# Form 1040: tax owing?



## byline (Dec 5, 2011)

I am currently filling out Form 1040. In the past, my total income has been below the Standard Deduction, so the amount owing was always zero, and easily calculated that way.

However, this year that changed. My total income is slightly above the Standard Deduction, by $935. According to the Tax Table (Married filing separately), that means I owe $94. But that shouldn't be the case, since I am paying income taxes in Canada.

I haven't filled out Schedule 1 yet. But I'm guessing that, because my total income will be reported on Line 9 as a negative amount (courtesy of Form 2555), when I enter that on Line 7a of Form 1040 and subtract that negative amount from my total income, the amount will be zero, entered on Line 7b. Correct?


----------



## Bevdeforges (Nov 16, 2007)

It depends on your sources of income, but if your FEIE amount (from form 2555) is greater than your earned income then you will owe no taxes. Just follow the instructions for the lines you mentioned.


----------



## byline (Dec 5, 2011)

Bevdeforges said:


> It depends on your sources of income, but if your FEIE amount (from form 2555) is greater than your earned income then you will owe no taxes. Just follow the instructions for the lines you mentioned.
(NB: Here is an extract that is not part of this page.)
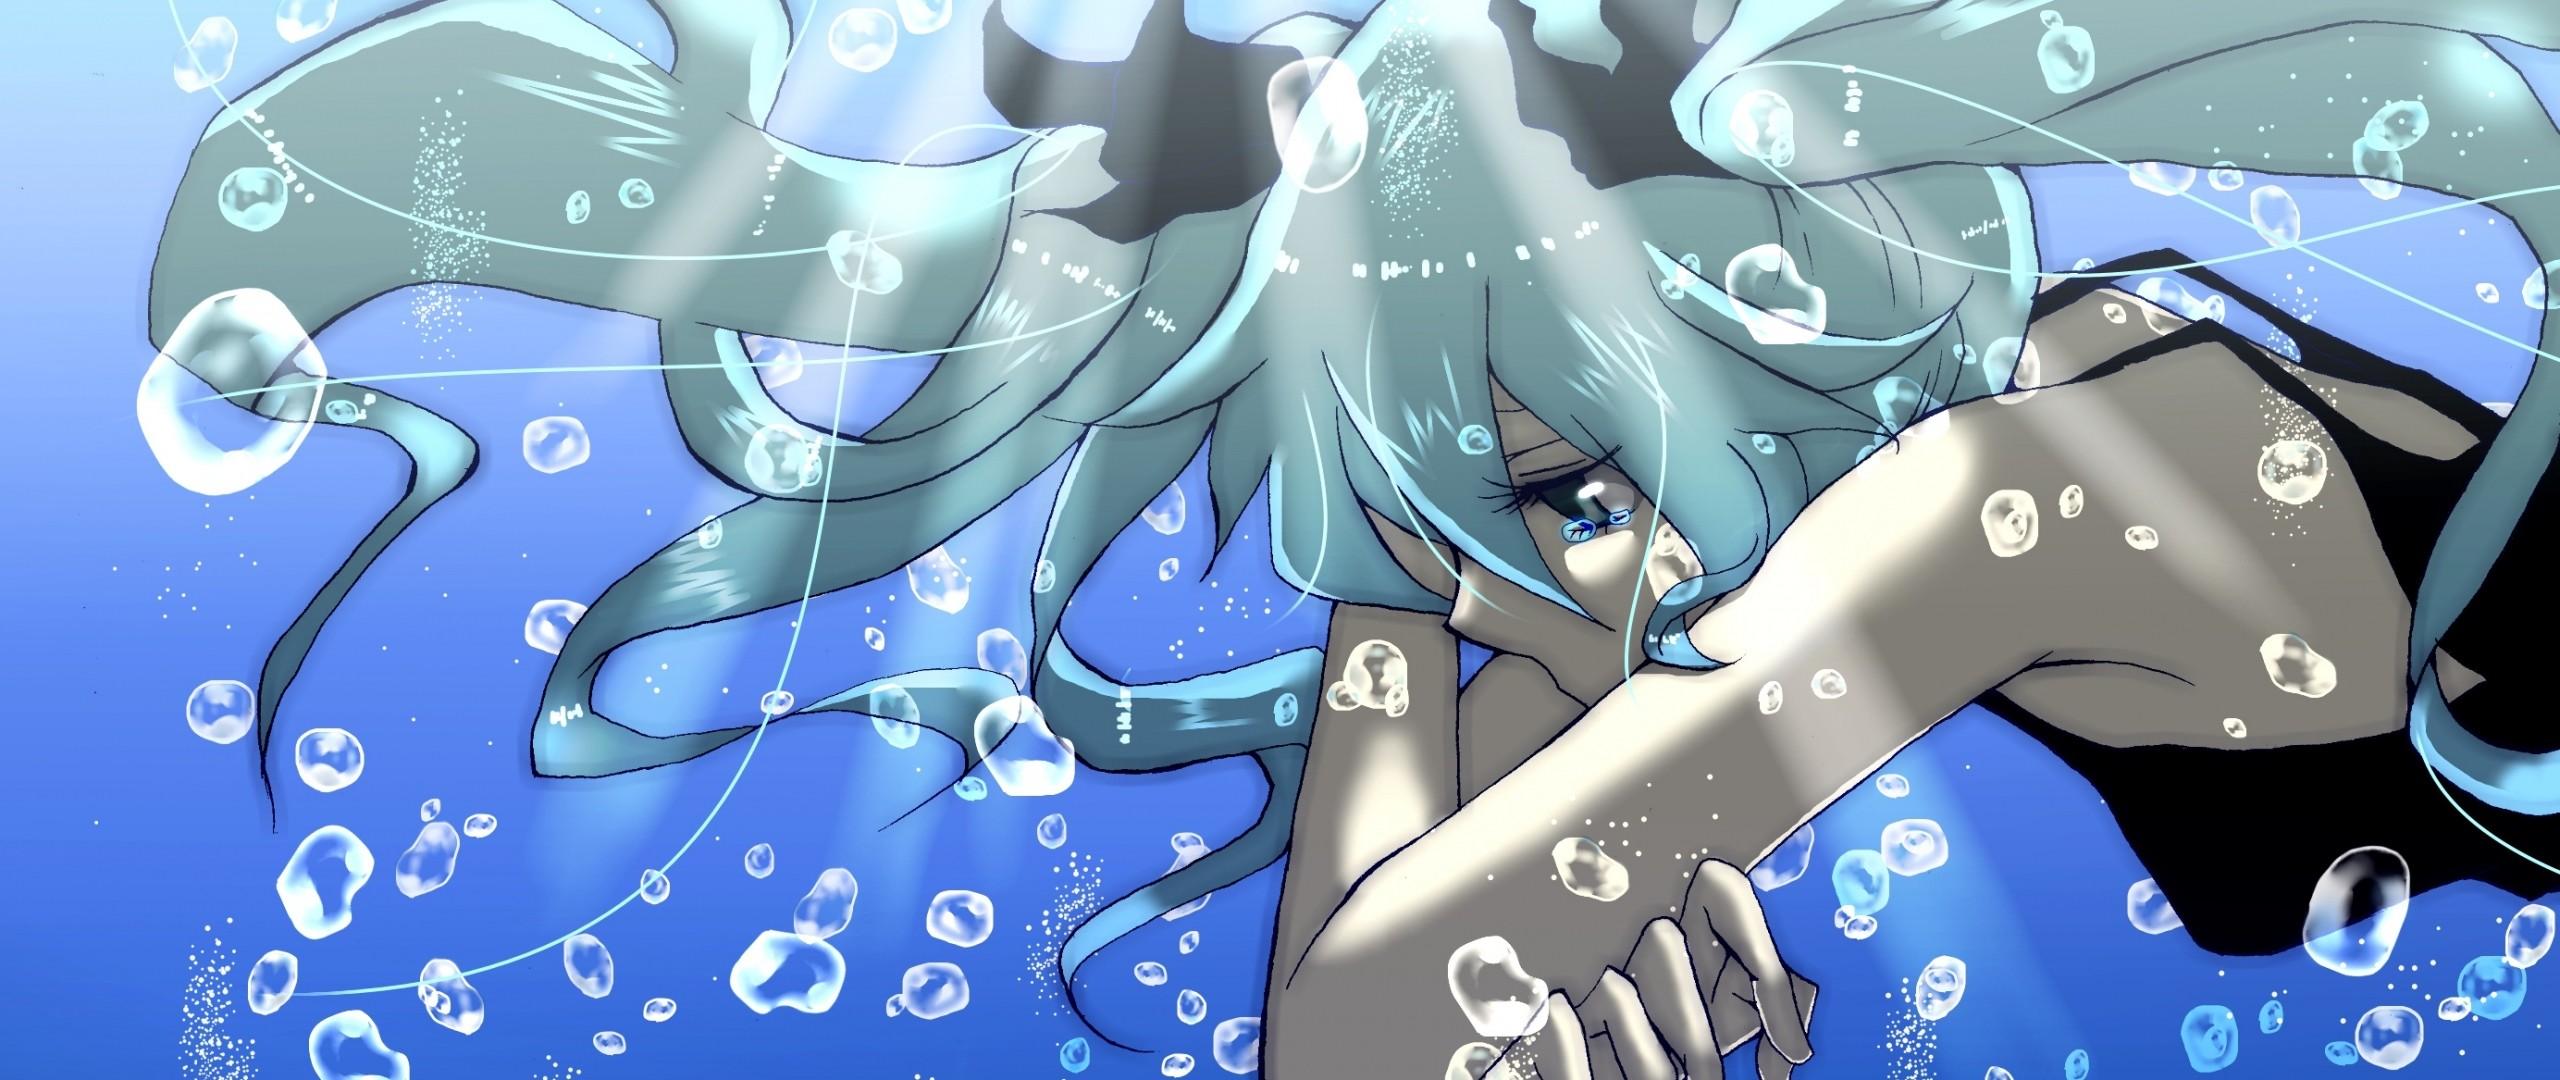 Wallpaper anime, girl, water, bubbles, sadness
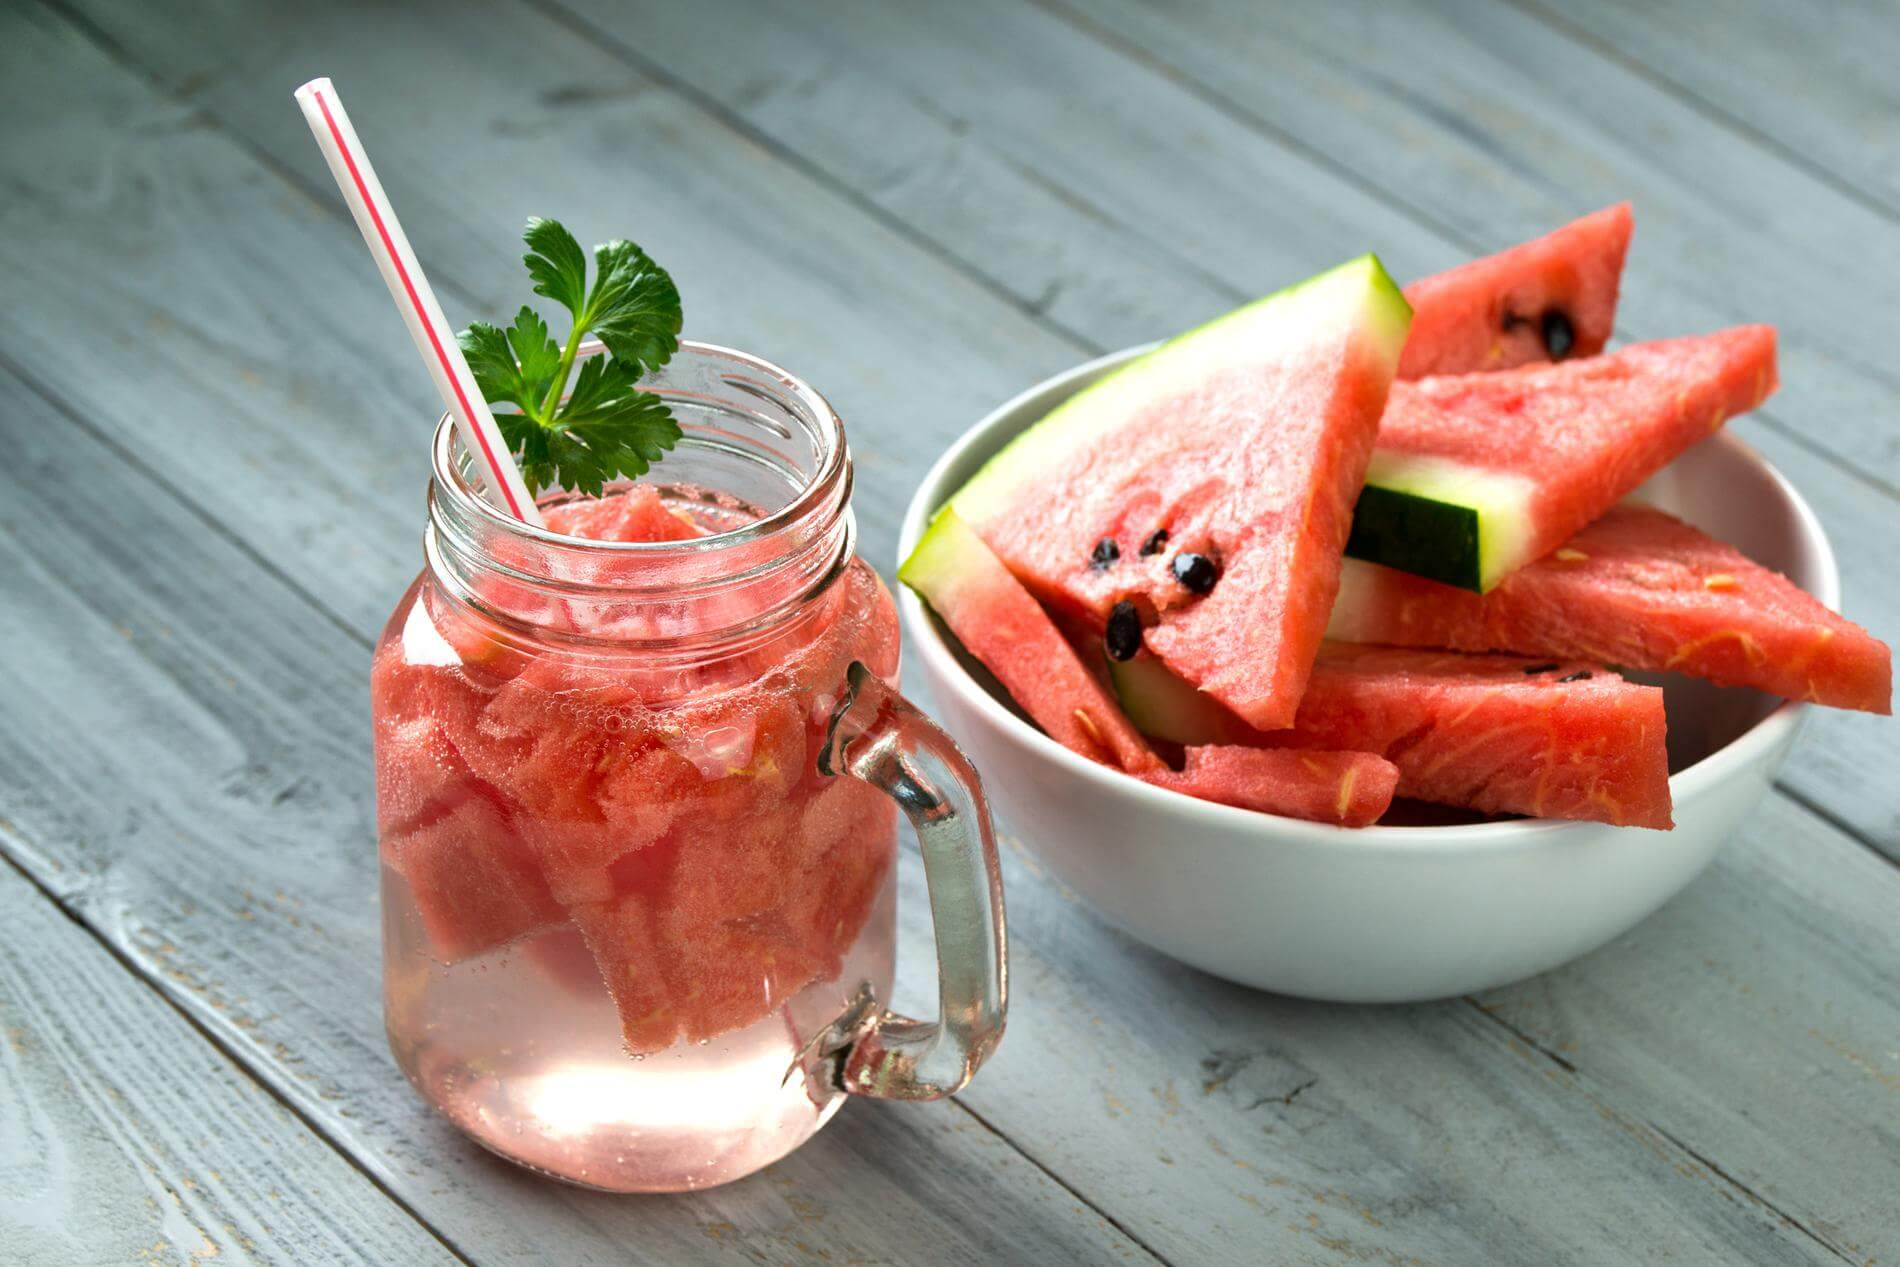 Watermelon detox water recipe

Thanks Bev, it is. The maximum foreign earned income exclusion is $105,900. My income (wages plus a small interest income, all of which I reported on Form 2555) is $13,135 USD.

So, on Line 8 of Schedule 1, I entered *(13135) Form 2555*. Then, in the column for Lines 8 and 9, I entered *-13135*.

Going back to Form 1040, I entered *-13135* on Line 7a, then entered *0* in Lines 7b, 8b and 11b. Correct?

I guess I should fill out all the forms before asking!


----------



## Moulard (Feb 3, 2017)

Not quite right. 

Income from interest cannot be excluded - you can only exclude earned income (fundamentally wages)

Wages on line 1.
Interest on Line 2
FEIE on line 7 (your wages as as a negative)

That will leave you with an AGI equal to the interest you recieved.

Which would be offset by the standard deduction on line 9

Leaving you with a taxable income of zero on line 11


----------



## Bevdeforges (Nov 16, 2007)

What Moulard said. With an added caveat that your interest income should NOT be included on your form 2555.


----------



## byline (Dec 5, 2011)

Moulard said:


> Not quite right.
> 
> Income from interest cannot be excluded - you can only exclude earned income (fundamentally wages)
> 
> ...


What is AGI? Annual Gross Income? (Abbreviations and I do not get along.)

Thanks to you and Bev for this! So that means I did this incorrectly last year (I included the interest on Form 2555). But I guess because it was such a small amount, and my total income was below the standard deduction, they didn't bother correcting me on it.


----------



## byline (Dec 5, 2011)

byline said:


> What is AGI? Annual Gross Income? (Abbreviations and I do not get along.)


Now I see; AGI = Adjusted Gross Income.


----------



## Bevdeforges (Nov 16, 2007)

byline said:


> What is AGI? Annual Gross Income? (Abbreviations and I do not get along.)
> 
> Thanks to you and Bev for this! So that means I did this incorrectly last year (I included the interest on Form 2555). But I guess because it was such a small amount, and my total income was below the standard deduction, they didn't bother correcting me on it.


Actually, right conclusion for the wrong reason. The net result of including your interest income on your 2555 form does not change your tax liability in the slightest. That's the real reason they don't bother to "correct" your error.


----------



## byline (Dec 5, 2011)

Bevdeforges said:


> Actually, right conclusion for the wrong reason. The net result of including your interest income on your 2555 form does not change your tax liability in the slightest. That's the real reason they don't bother to "correct" your error.


Fair enough. I think you are exactly right!


----------



## Moulard (Feb 3, 2017)

If you reported it as wages and excluded it as wages, they would have no means to know that there was an error in the first place.


----------



## byline (Dec 5, 2011)

Moulard said:


> If you reported it as wages and excluded it as wages, they would have no means to know that there was an error in the first place.


Actually, they would have, since I was a little too precise with my information. On Form 1040 I reported my wages on Line 1, and my interest on Line 2b, plus I reported the interest on Schedule B. And, to top it off, I reported the two amounts separately on Form 2555.

But, as Bev noted, even with the interest added in, my total income was below the standard deduction, so including it didn't affect my tax liability.

Anyway, thanks to you and Bev, I didn't repeat that mistake this year!


----------